Uma história contada em um livro que se torna a própria realidade.

Uma história contada em um livro que se torna a própria realidade.

O Voo de Ícaro

A poeira fina e avermelhada da seca subia em redemoinhos preguiçosos, anunciando o fim de tarde escaldante no interior de Minas. Dona Elza, com as mãos calejadas de lavar e passar a vida inteira, desamarrou o nó do avental e o pendurou no gancho desgastado da cozinha. O cheiro de café coado fresco pairava no ar, misturando-se ao aroma adocicado de goiabada cascão que esfriava na bancada.

Na sala, sob a luz amarelada do abajur com estampa floral, seu neto, Pedro, lia em silêncio. Aos dezesseis anos, ele trazia nos olhos a melancolia dos poetas e a inquietude de quem busca um sentido para além do horizonte visível. O livro em suas mãos era um exemplar surrado de “O Voo de Ícaro”, de um autor desconhecido que Pedro descobrira numa feira de livros usados.

A história falava de um garoto, Ícaro, que vivia numa cidadezinha esquecida pelo progresso, assombrada por um rio que secava e um sonho impossível de voar.
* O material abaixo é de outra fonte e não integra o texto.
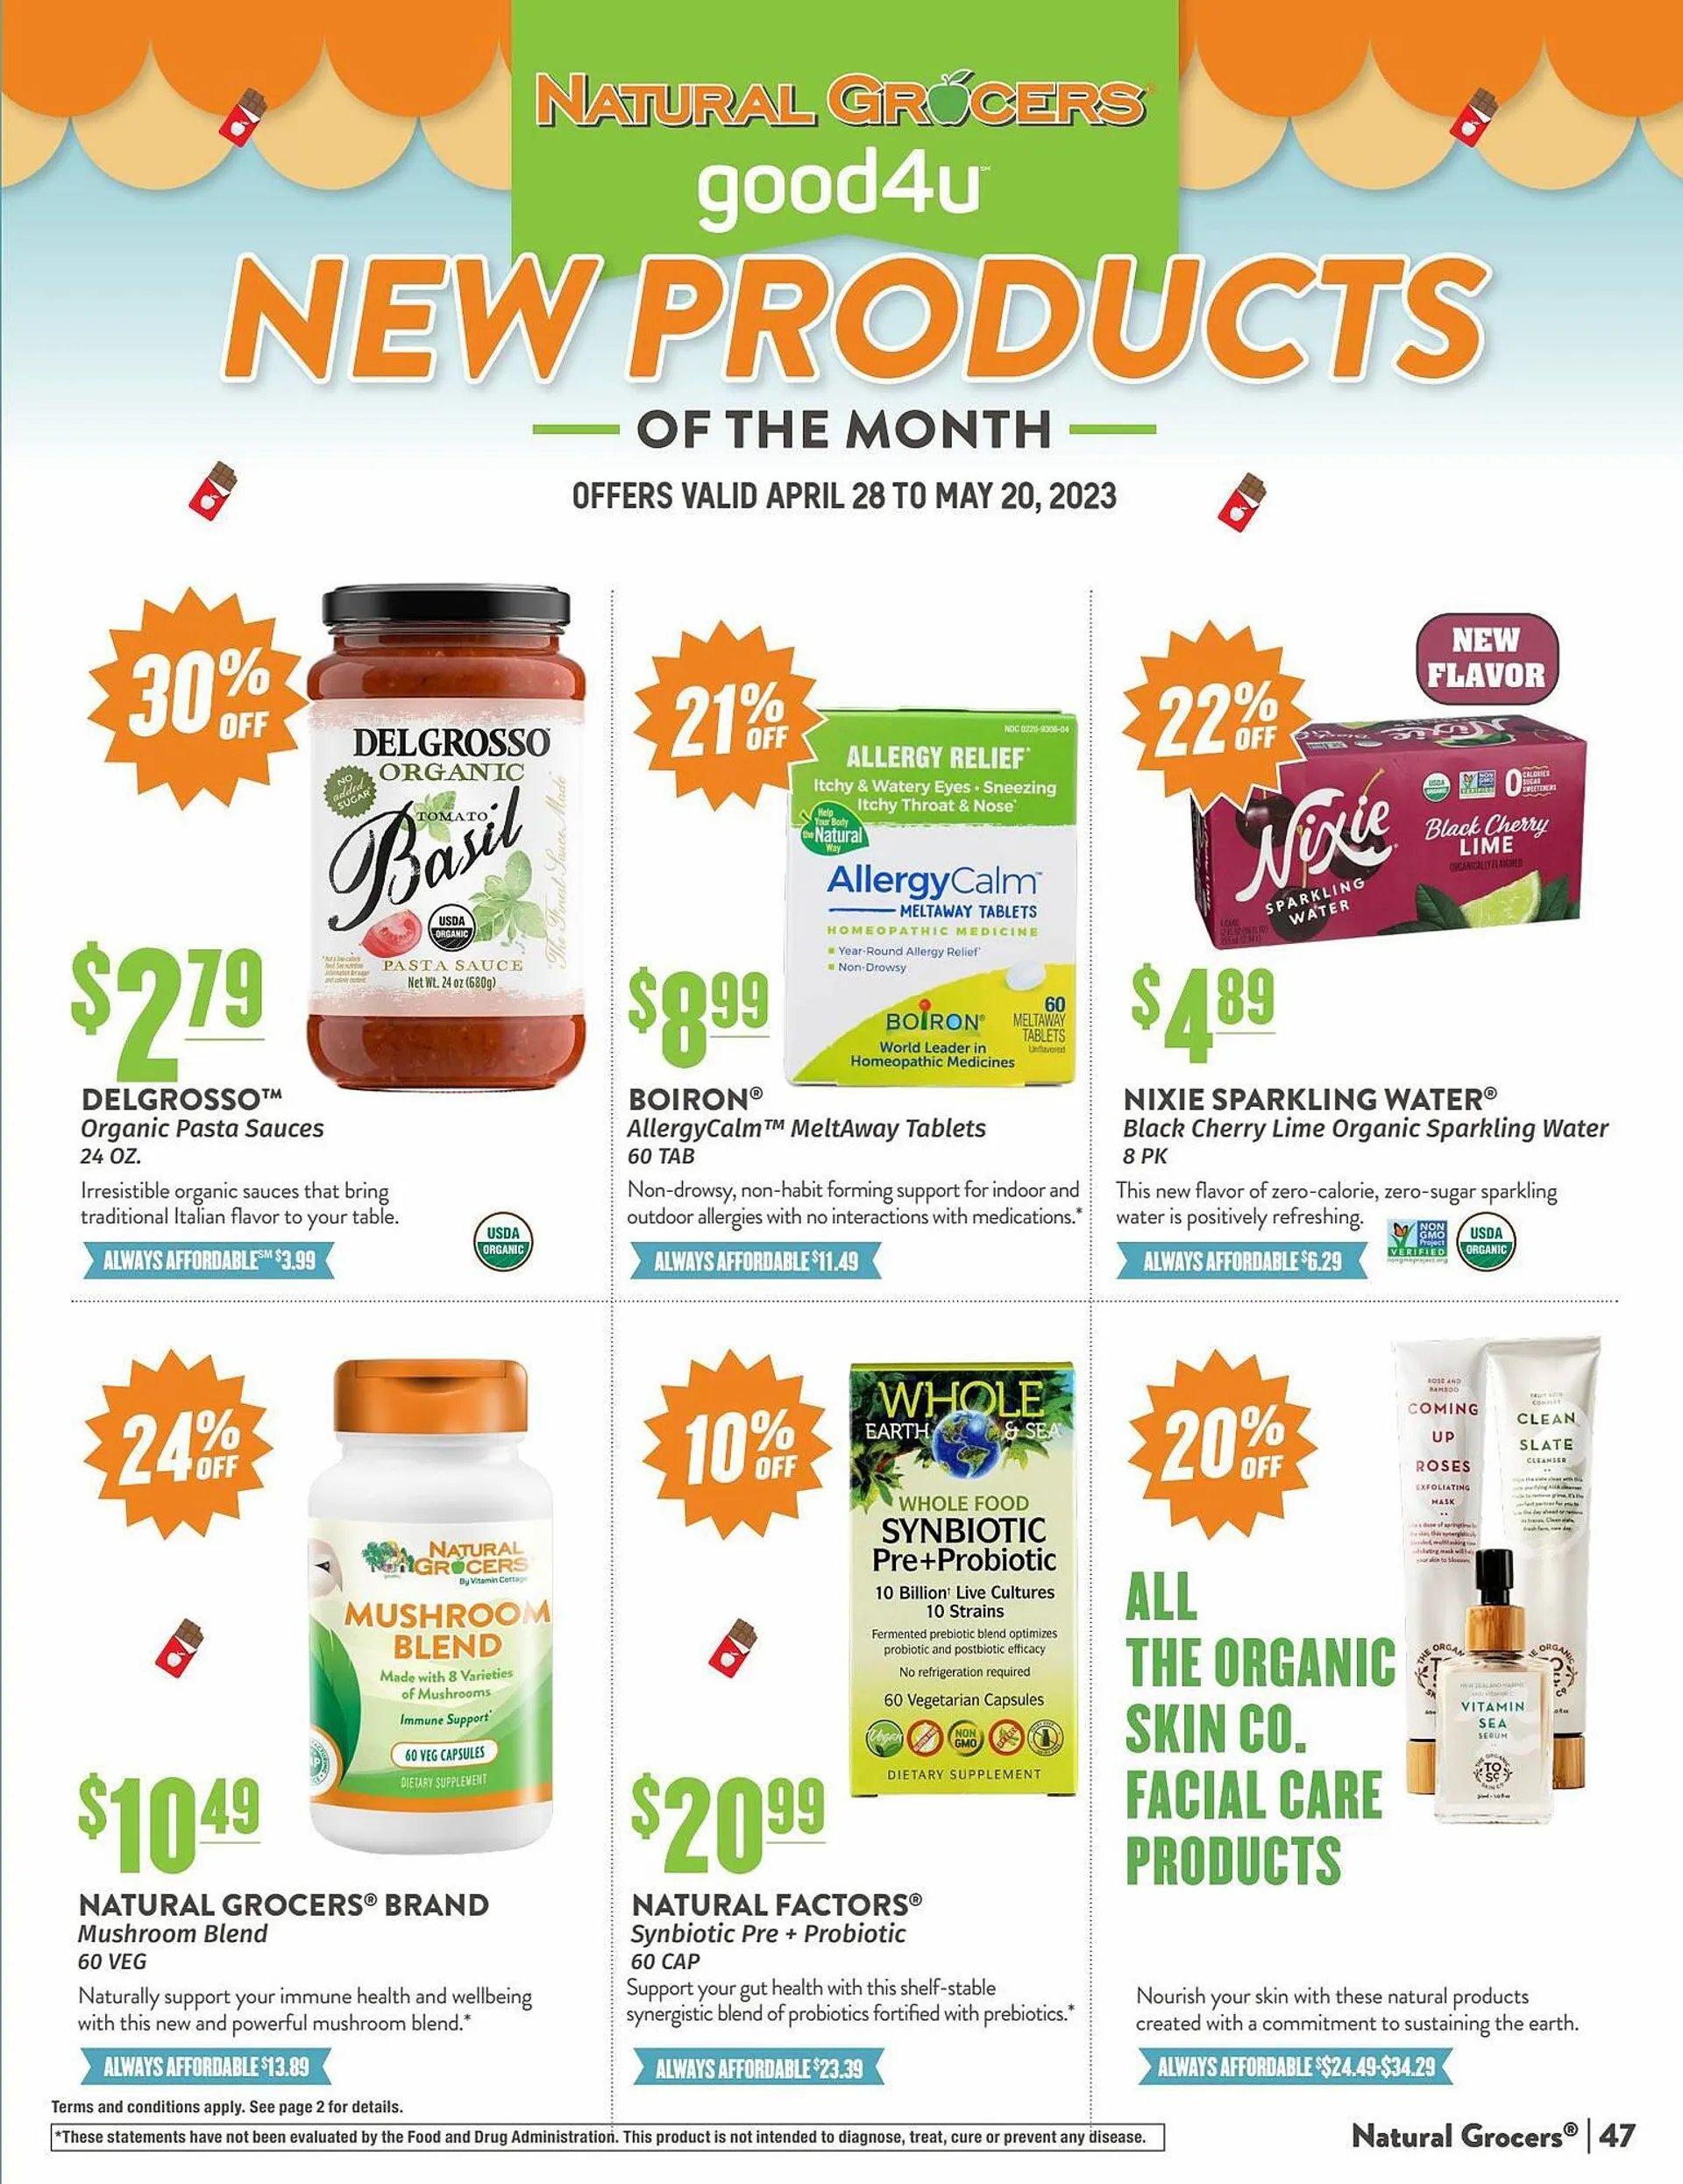 Natural Grocers ad - 47

Ícaro, movido por uma força inexplicável, passava horas observando os urubus planar, desenhando asas em cadernos velhos e experimentando com materiais rudimentares encontrados na beira do rio. Seus desenhos, descritos com uma precisão quase tátil no livro, ganhavam vida nas páginas: a leveza das penas, o vento a roçar na pele, a vertigem da altura.

Pedro se via em Ícaro. A monotonia dos dias, a sensação de estar preso a um destino que não escolheu, o anseio por algo mais, algo grandioso. A diferença era que Ícaro, nas palavras do autor, parecia ter a capacidade de materializar seus desejos. A cada virar de página, Pedro sentia um arrepio. Parecia que o livro não apenas narrava, mas também *criava*. Quando Ícaro, frustrado, tentou construir uma asa com galhos secos e folhas de bananeira, a descrição no livro era tão vívida que Pedro sentiu o cheiro acre da seiva escorrendo e a aspereza da casca sob os dedos imaginários.

Certa noite, enquanto a lua cheia pintava de prata o quintal poeirento, Pedro relia o capítulo em que Ícaro, após meses de tentativas fracassadas, finalmente sentia a sustentação de sua asa improvisada. As palavras eram uma melodia de esperança e desespero: “E então, sentiu-o. Um leve tremor que percorreu a estrutura de bambu, um sussurro do vento que se agarrou às penas rudimentares. Um momento de suspensão, antes que a gravidade o puxasse para baixo, mas não com a força de antes. Era um convite.”

Ao fechar o livro naquela noite, Pedro sentiu um vento súbito e frio percorrer o quarto. O lençol da cama balançou como se uma brisa forte tivesse entrado pela janela fechada. Ele sorriu, um sorriso hesitante, mas cheio de uma nova luz. Nos dias que se seguiram, algo mudou. Os urubus no céu pareciam voar de forma mais ousada, quase desafiadora. As folhas das árvores, antes caídas e secas, ganhavam um verde vibrante e pareciam tremer com um ritmo próprio.

Um dia, enquanto ajudava Dona Elza a recolher as roupas do varal, Pedro notou um fio de linha de pipa, cor de céu, que se enroscara em uma das folhas de mamona. Era fino, mas incrivelmente resistente. Ele o pegou, sentindo uma estranha familiaridade, como se o tivesse visto em alguma das ilustrações do livro. Naquela noite, com o coração disparado, ele desceu até a margem do rio seco. A lua iluminava o leito rachado, e o silêncio era quase palpável. Ele desenhou no ar, como Ícaro fizera. Fechou os olhos e sentiu o vento, não mais como uma brisa, mas como um convite. E quando abriu os olhos, a linha de pipa, que ele segurava com força, estava esticada, flutuando a poucos centímetros do chão, como um fio invisível que o prendia ao nada. O livro “O Voo de Ícaro” jazia aberto a seus pés, as páginas parecendo brilhar sob a luz lunar, e a frase que ele acabara de ler parecia gravada em sua alma: “Onde a vontade encontra a substância, o impossível se curva.”